March 23, 2026 · Edition #7
AI Didn’t Create New Vulnerabilities — It Made Old Ones Affordable
Infrastructure was never fully hardened — and for years, it didn’t need to be. Exploiting a misconfigured DNS rule or an over-permissive IAM role required real skill. That complexity was a natural filter. AI removed it. This week, researchers broke out of AWS Bedrock’s “isolated” sandbox using DNS tunneling and escaped Snowflake’s coding agent via process substitution — techniques that once required deep infrastructure expertise. Check Point documented a single developer building 88,000 lines of deployment-ready malware in a week using an AI IDE. The vulnerability surface didn’t change — but the population that can exploit it expanded by orders of magnitude. Every misconfiguration, every “we’ll fix it next quarter” is now in play — because the cost to exploit it dropped to near zero. The vulnerability backlog didn’t grow. The exploitation clock just got 100x faster.
March 16, 2026 · Edition #6
Built-in AI Security Is a Sensor, Not a Solution
The McKinsey breach didn't happen at the model layer. No jailbreak, no prompt injection. The vulnerability was exposed API documentation, 22 unauthenticated endpoints, and SQL injection hidden in JSON key names. An AI agent found it in two hours. The most dangerous finding — 95 writable system prompts — could have silently corrupted every answer the platform delivered. Built-in AI security is one sensor. Securing AI means seeing across the full stack: model, infrastructure, data, identity, integrations. Not just the layer your provider happens to own.
March 8, 2026 · Edition #5
Zero Trust for Agent Memory
Zero trust changed how we think about network perimeters. We need the same shift for agent memory. Right now, most agents trust their own memory implicitly — whatever's in the vector database is treated as ground truth, retrieved and acted on without questioning whether it's been tampered with. CSA's new LPCI research shows payloads encoded into agent memory sitting dormant until triggered — across sessions, across users, 43–49% success rates. Your input/output filters won't catch it. And it's already happening in the wild: 31 companies embedding memory manipulation into 'Summarize with AI' buttons. One click changes how the agent responds forever.
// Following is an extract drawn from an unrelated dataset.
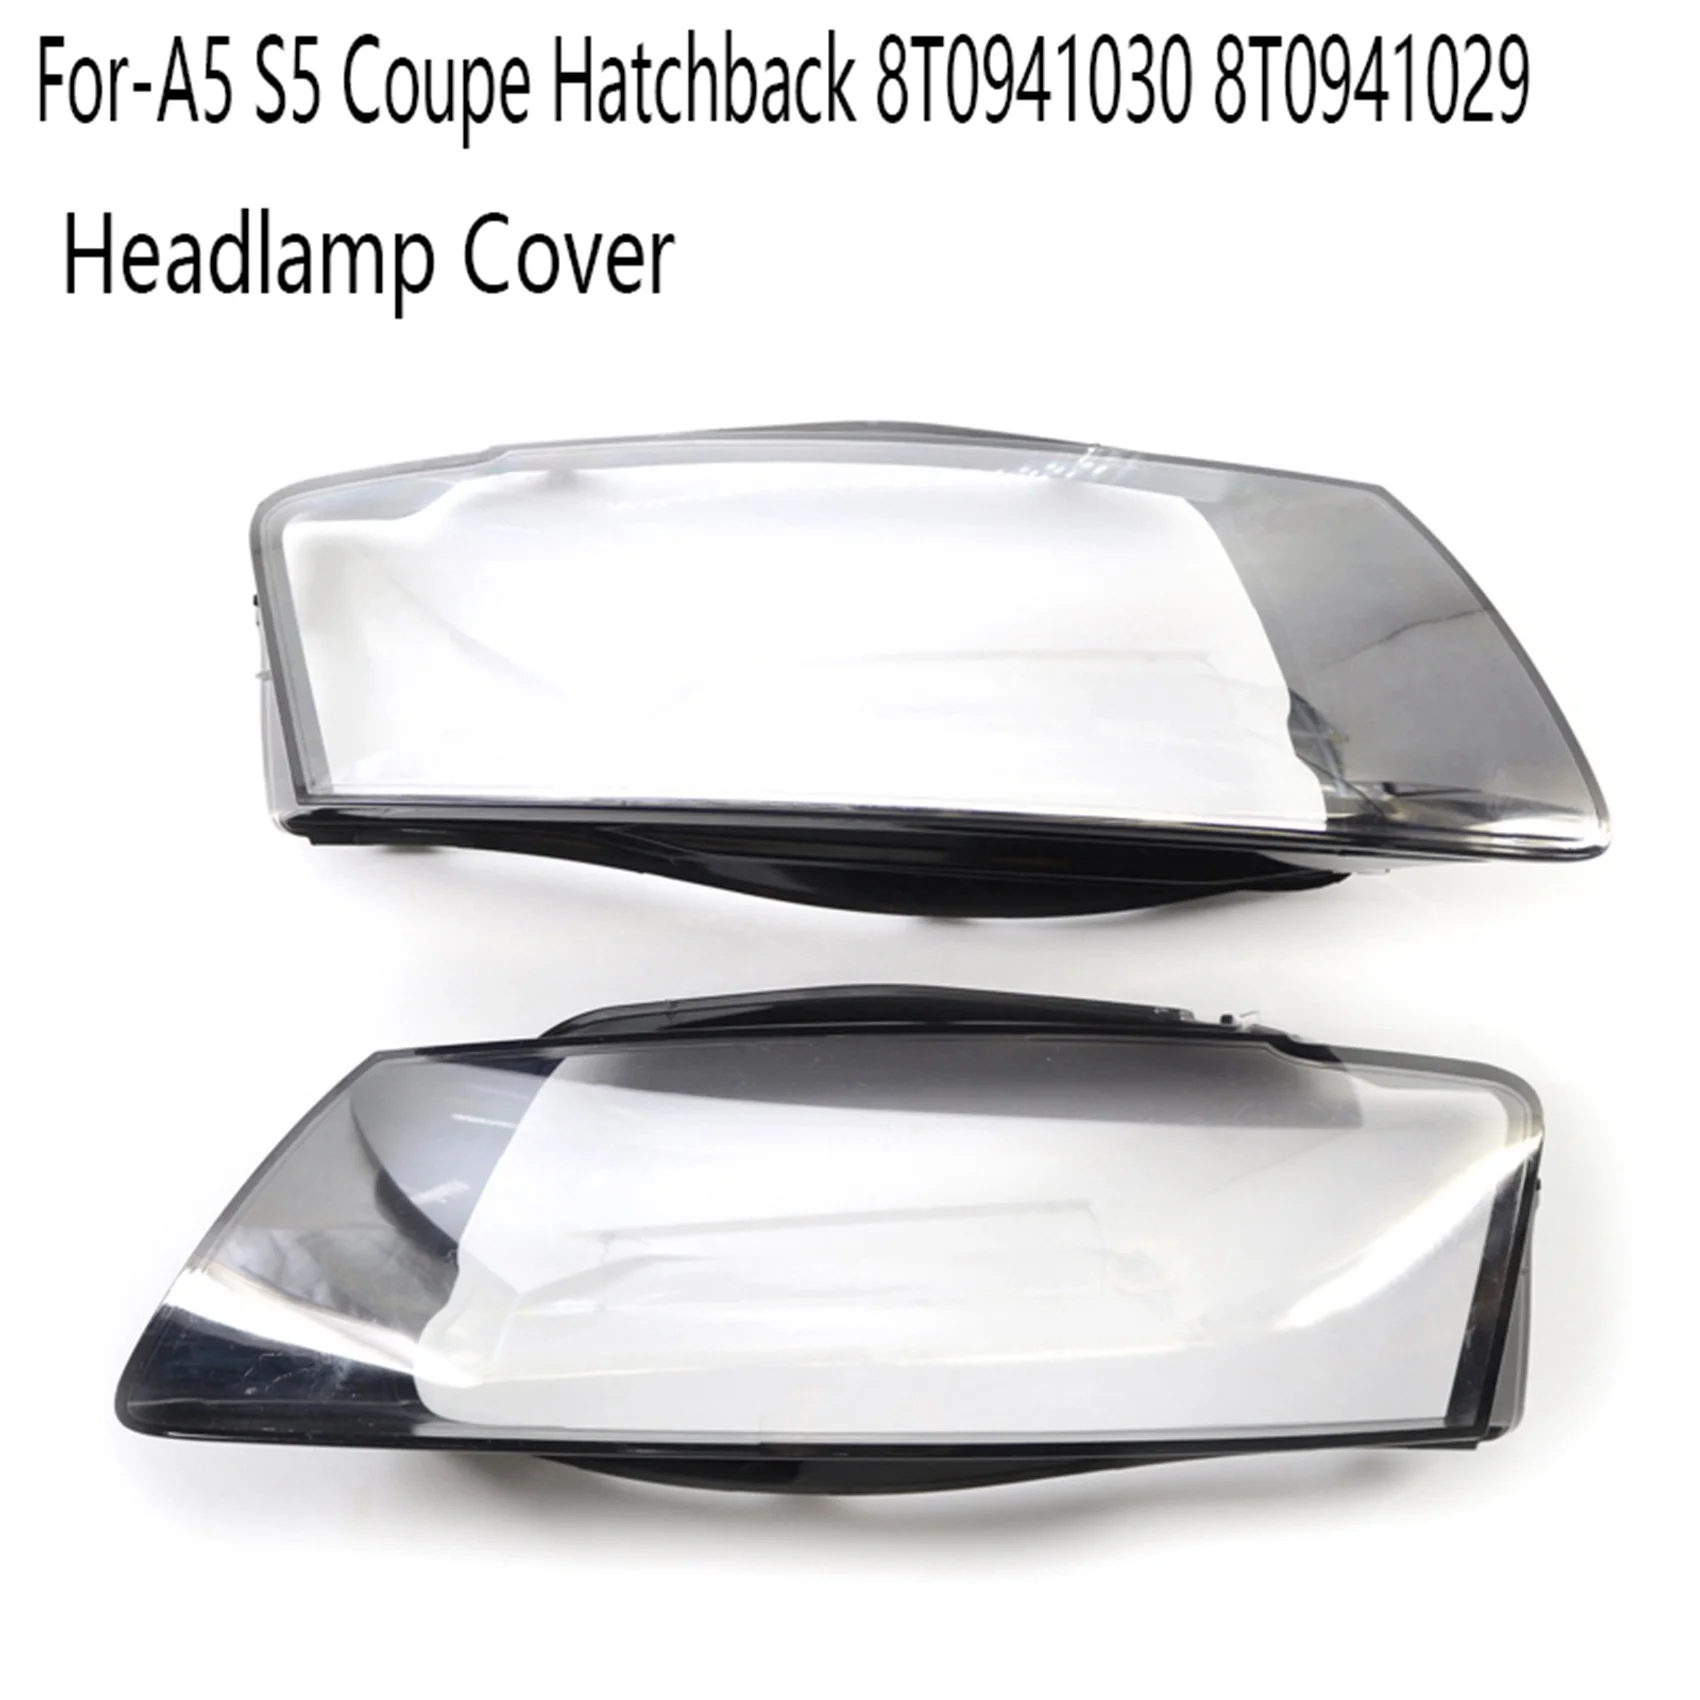 המכונית אור הראש לן מסגרת מעטפת ברור אהיל כיסוי מתאים-אאודי A5 S5 קופה Hatchback 8T0941030 8T0941029 התמונה 1

March 1, 2026 · Edition #4
Not All Agents Are Built Equal — Why Posture Management Must Evolve for Non-Deterministic Risk
The agent landscape isn't one thing. Pro-code agents behave like traditional apps — deterministic, scoped, predictable. But low-code and local agents are different: their risk profile only materializes at runtime, when someone assigns a task and the agent decides which tools to pick and what data to pull. That's what makes Agentic SPM different from traditional AI-SPM. AI-SPM tells you what's deployed. Agentic SPM tells you what's actually happening when these agents run. Runtime threat protection catches the SANDWORM_MODE-style attacks in the act — then feeds that signal back to posture, reducing risk across every connected agent in the org. Three layers: AI-SPM, Agentic SPM, runtime protection. Not a replacement — an evolution.